*DATA SHOWN*:
#####

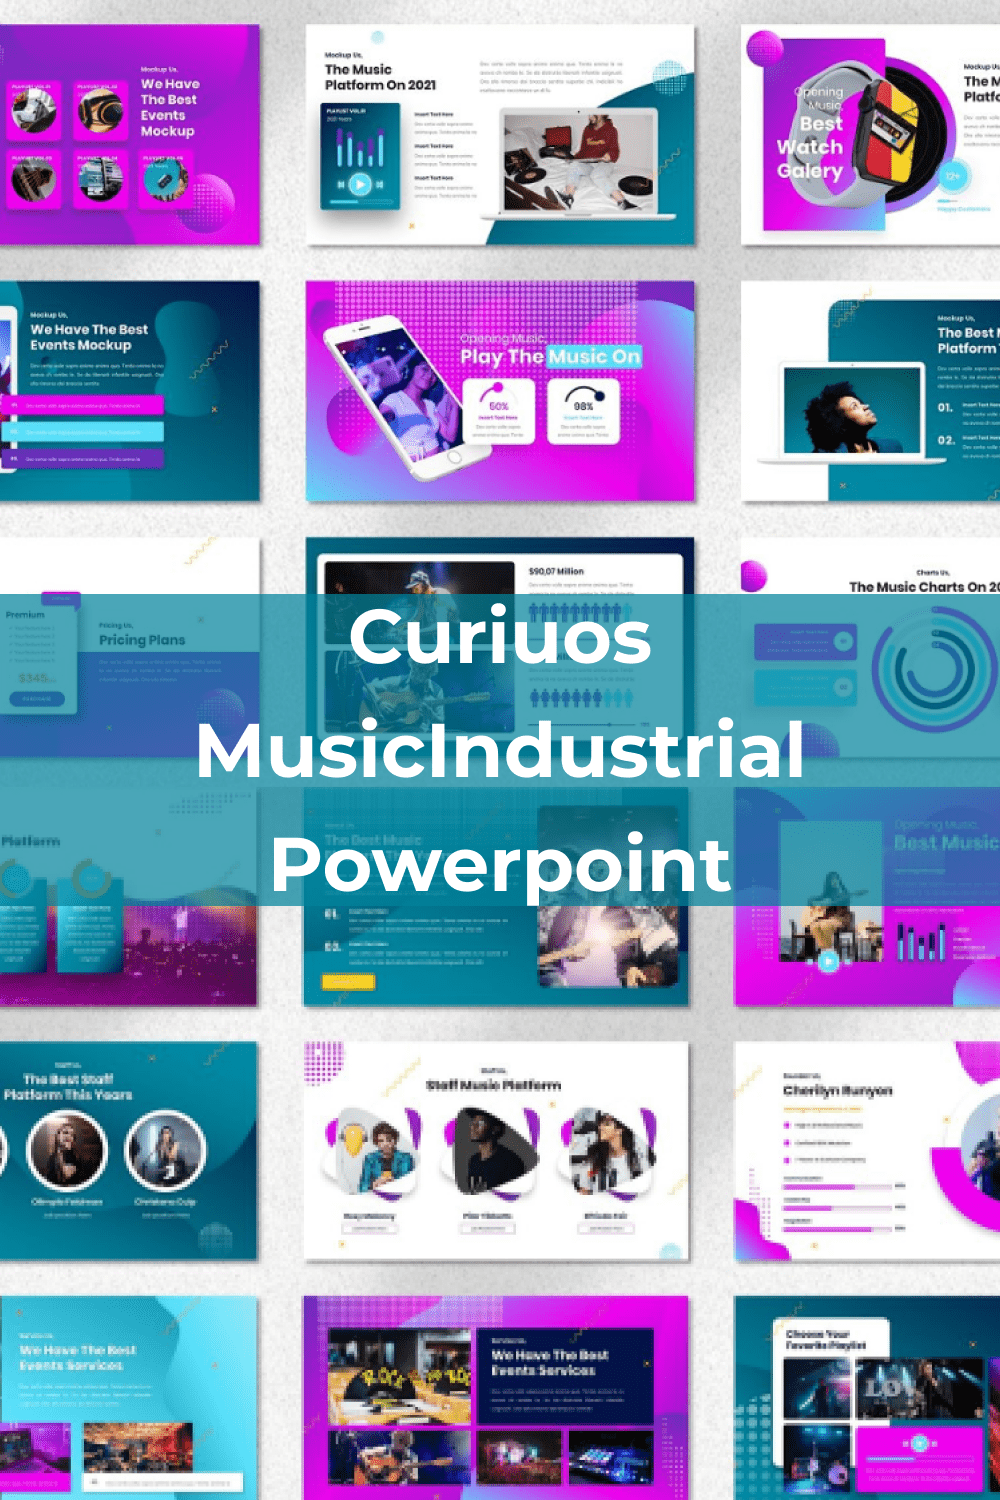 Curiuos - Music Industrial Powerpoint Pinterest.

#####

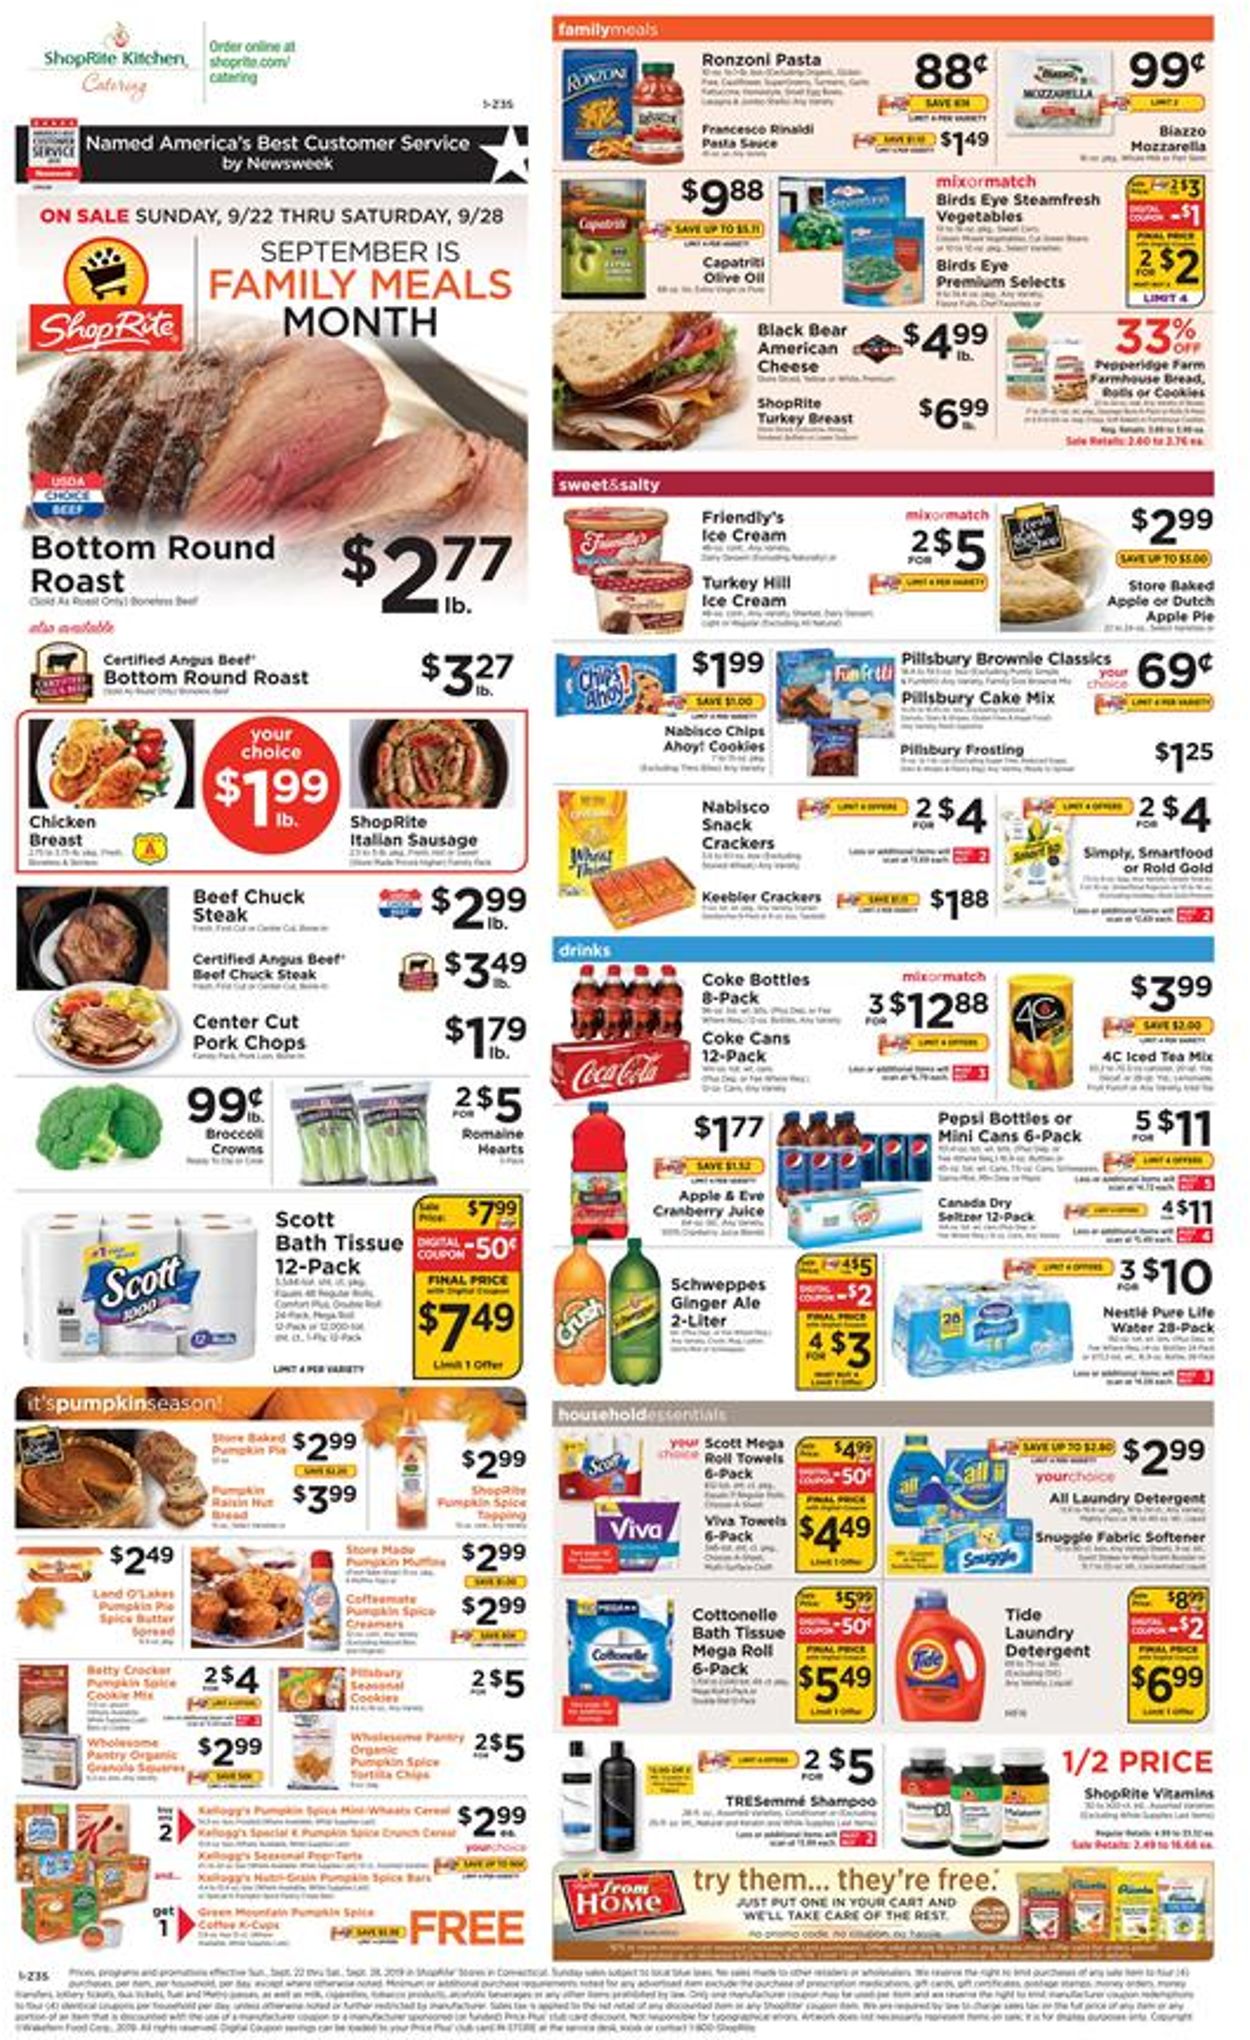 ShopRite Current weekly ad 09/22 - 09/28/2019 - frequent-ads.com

#####

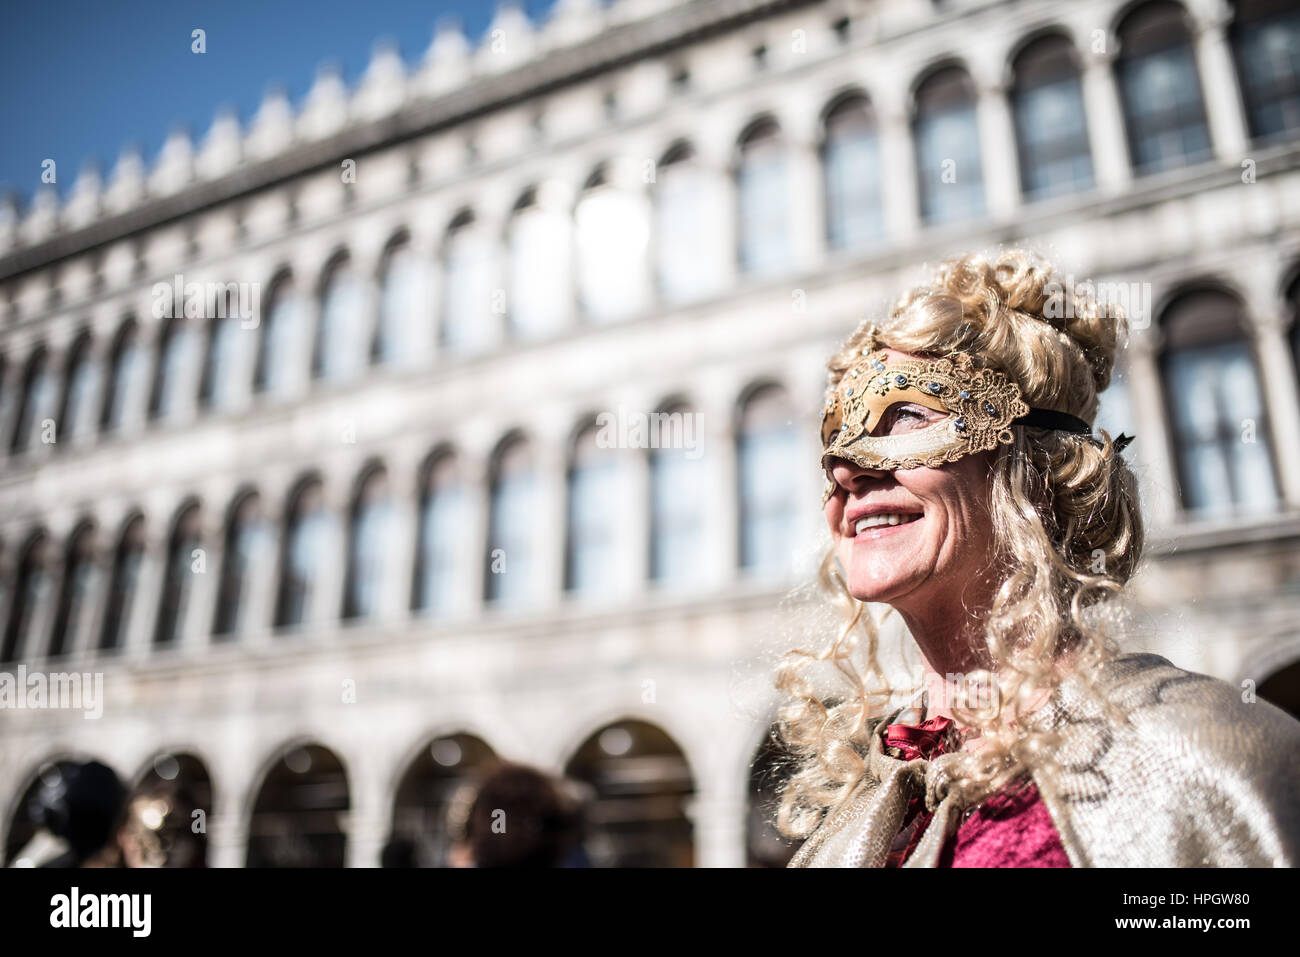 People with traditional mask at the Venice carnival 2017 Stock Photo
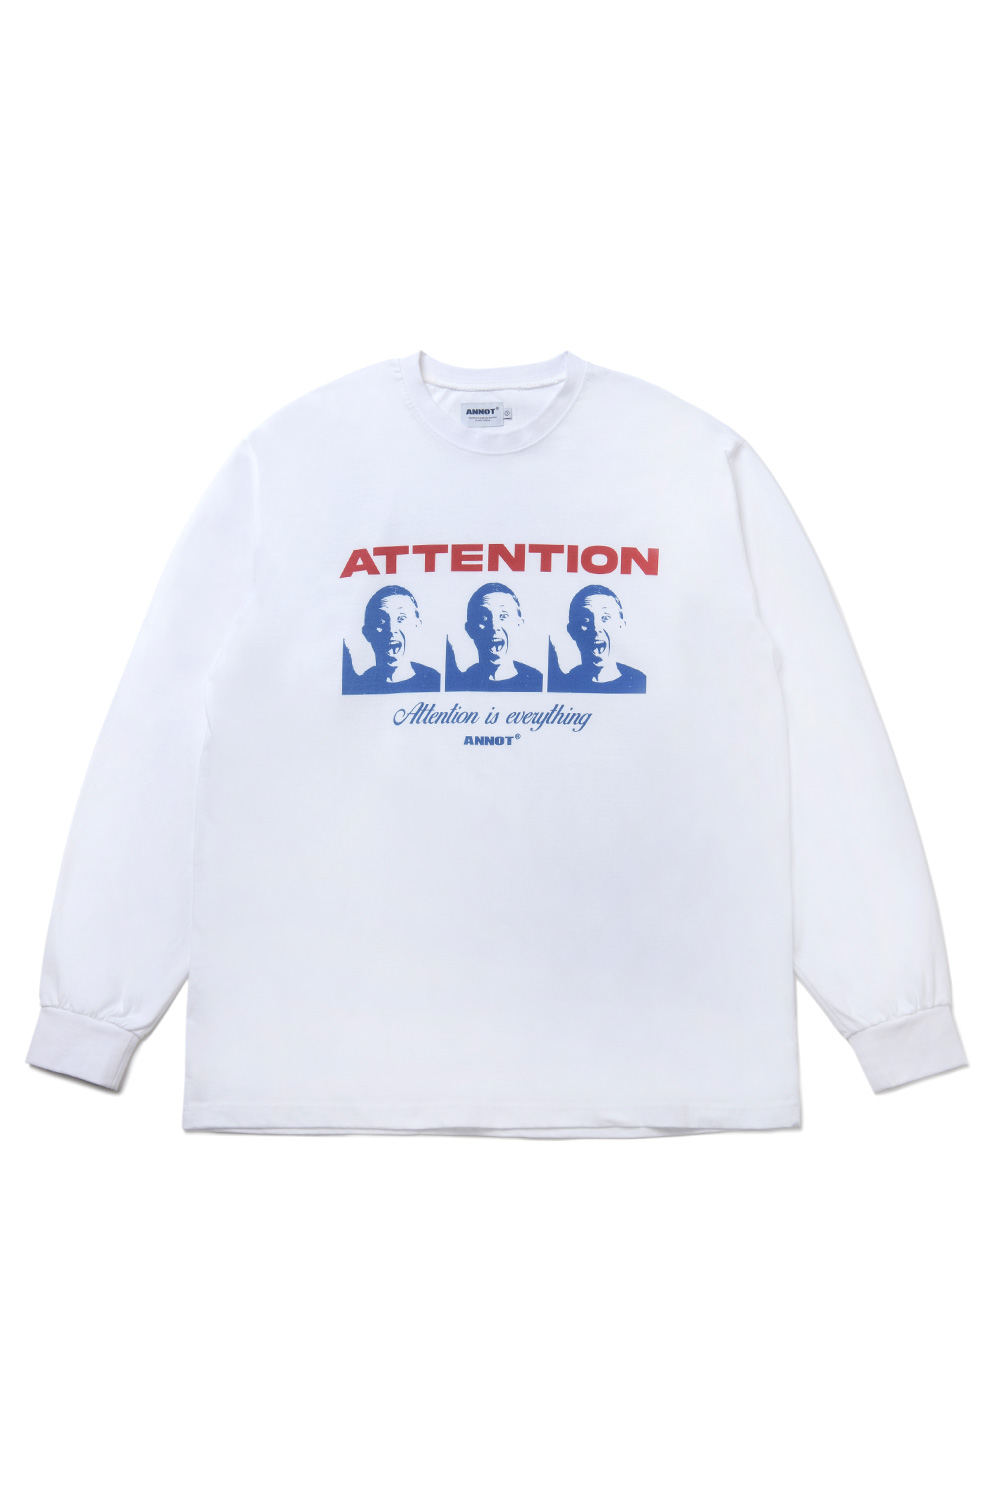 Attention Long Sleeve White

#####

*DESCRIPTION OF THE TASK*:
Look above for the line with "People with traditional"; quote it and every line after it, stopping after the line with "Attention Long Sleeve White", exactly, with nothing added and without pictures.

*RESPONSE TO THE EXERCISE*:
 People with traditional mask at the Venice carnival 2017 Stock Photo
 Attention Long Sleeve White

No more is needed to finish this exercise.